Reparem que, à exceção de falar ao celular sem ser através do viva-voz, nenhuma das condutas que eu descrevi aqui é ilegal. As pessoas estão efetivamente exercendo seu direito, só que o estão fazendo de forma egoísta, sem se importar com os outros que compartilham a via com ela. É como posicionar-se parado bem no meio da escada rolante no metrô: não é proibido, mas o usuário atrapalha os que querem passar por ele subindo e, pior, sem ganhar nada com isso. Pior que o gérson, que ainda age como age para tirar para si alguma vantagem (mesmo que ilícita), quem age da forma que descrevi nos itens acima não melhora sua vida em absolutamente nada, apenas prejudica os outros pura e simplesmente.
Proponho aqui uma nova forma de encararmos o trânsito, similar à que se propala para a defesa do meio ambiente. Cada um que está nele tem que ter consciência da sua interferência nos que estão à sua volta. Fazer um uso mais racional das vias, utilizando todo o seu potencial de vazão, é uma forma inteligente para se minimizar o problema do trânsito das grandes cidades. É algo que não nos é ensinado e nem é colocado na legislação como comportamento a ser estimulado. Nem nossos governantes pensam nisso, preferem bater apenas na mesma tecla ideológica do estímulo ao transporte coletivo, desestimulando pura e simplesmente o uso do carro.
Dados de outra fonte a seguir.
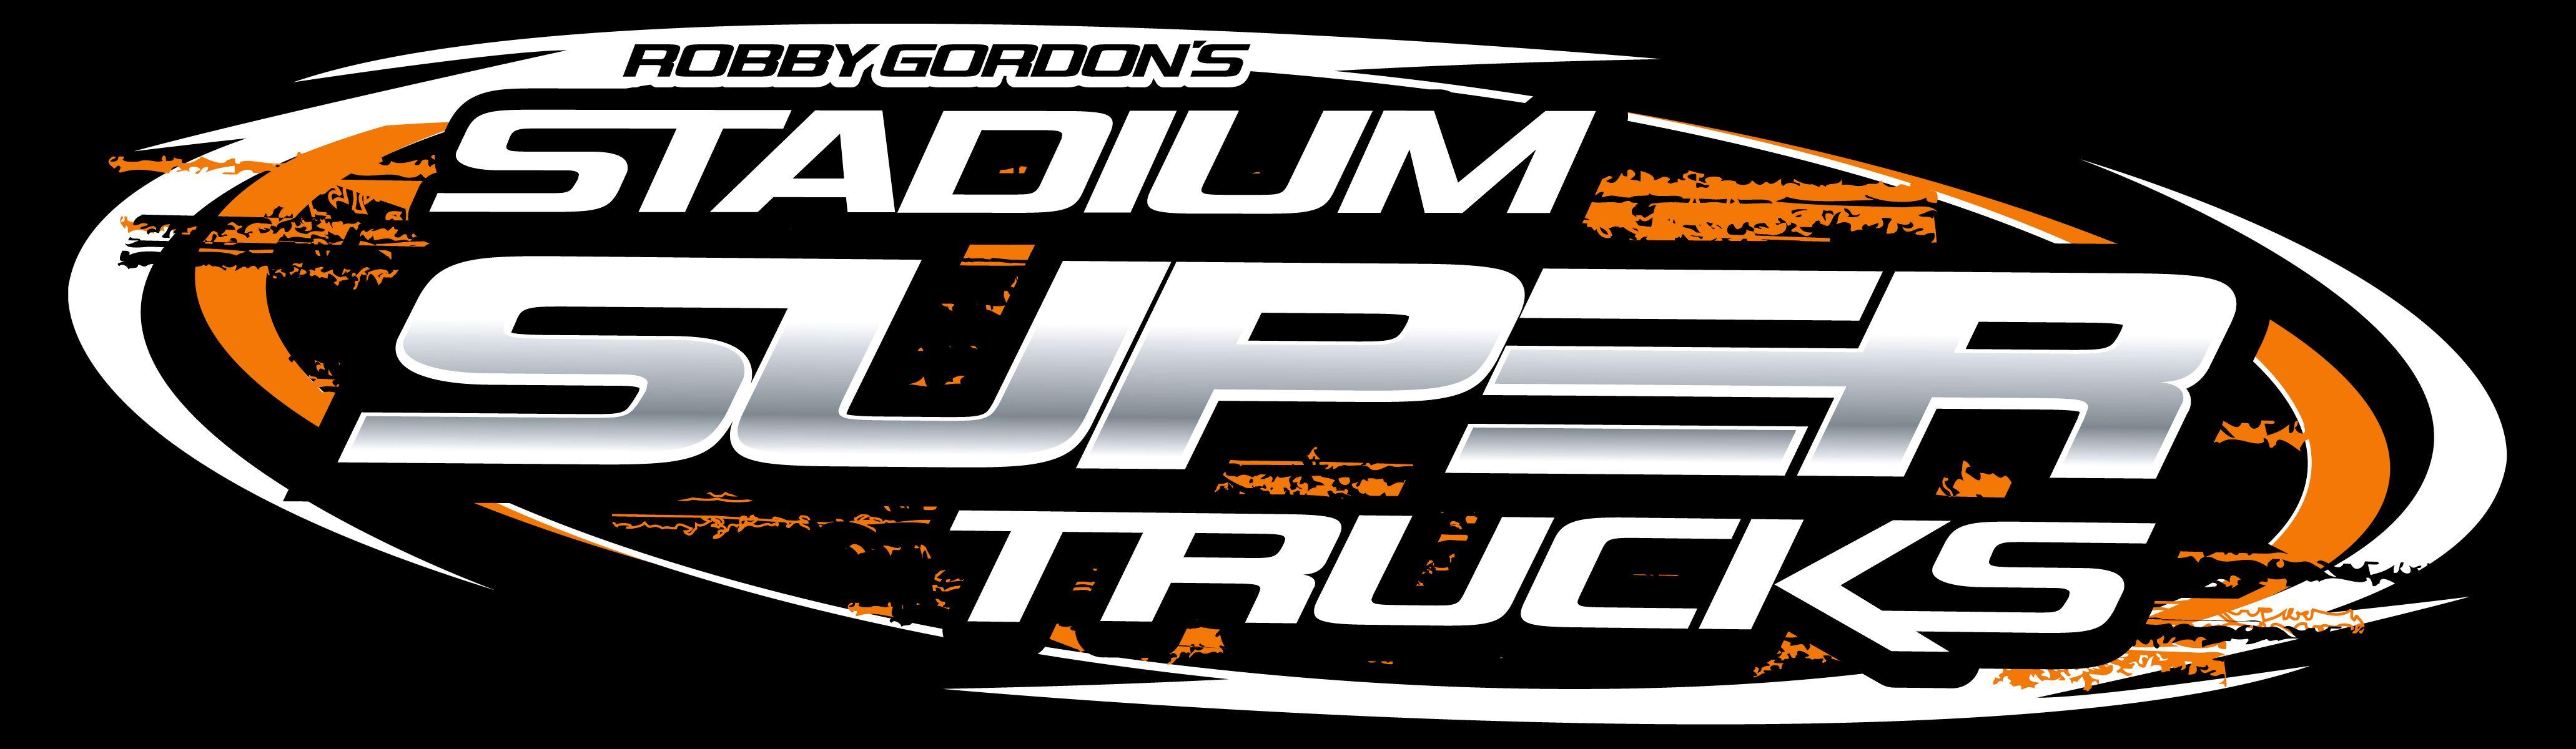 Off-Road Racing Logo - RobbyGordon.com - NEWS - ROBBY GORDON ANNOUNCES NEW OFF-ROAD RACING ...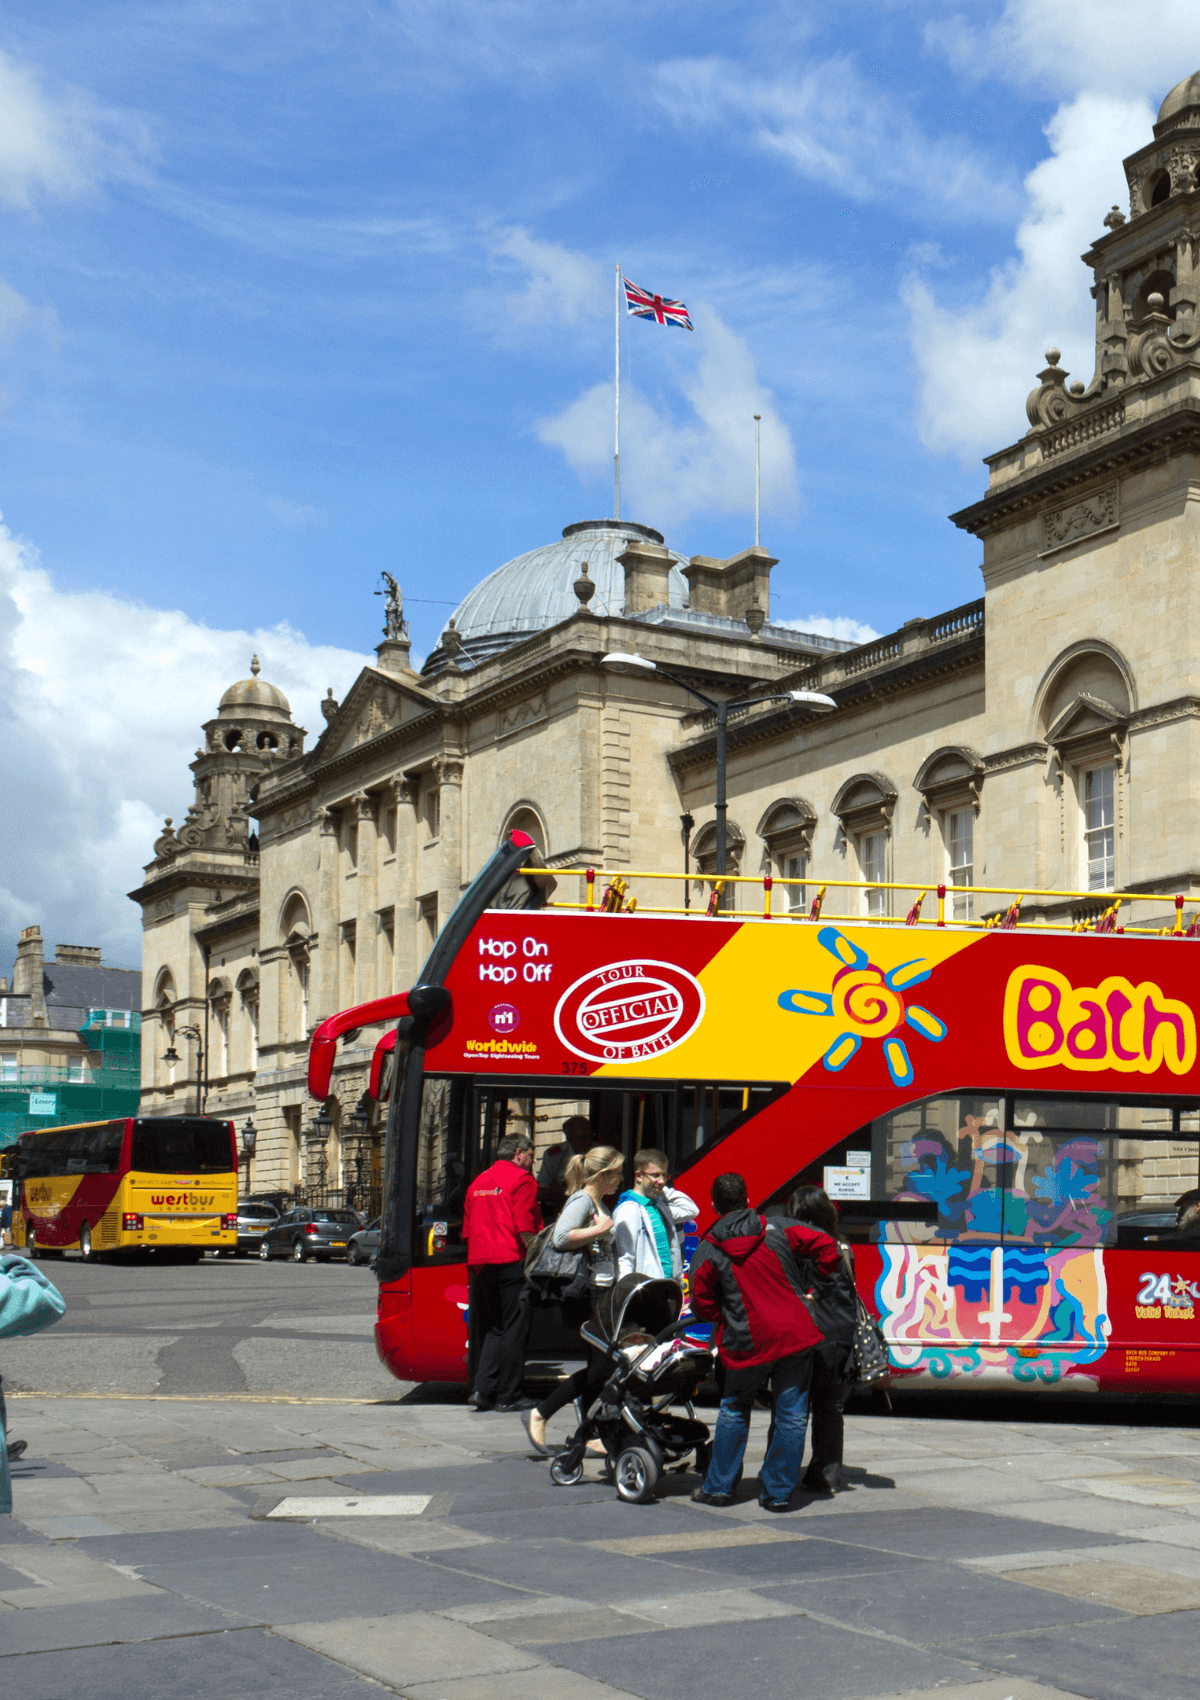 Buses in Bath, England

Eles esquecem-se de que há pessoas que efetivamente necessitam do automóvel e que não teriam como passar a usar o transporte coletivo, mesmo que quisessem. O automóvel é imprescindível como meio de transporte nas grandes cidades, por mais que prefeitos apaixonados por faixas de ônibus e ciclovias tentem negar. Conscientizar-se do seu espaço no trânsito, procurando causar a mínima interferência possível é também uso inteligente do automóvel. Ao sentar-se ao volante, sempre tenha em mente que atrás vem gente.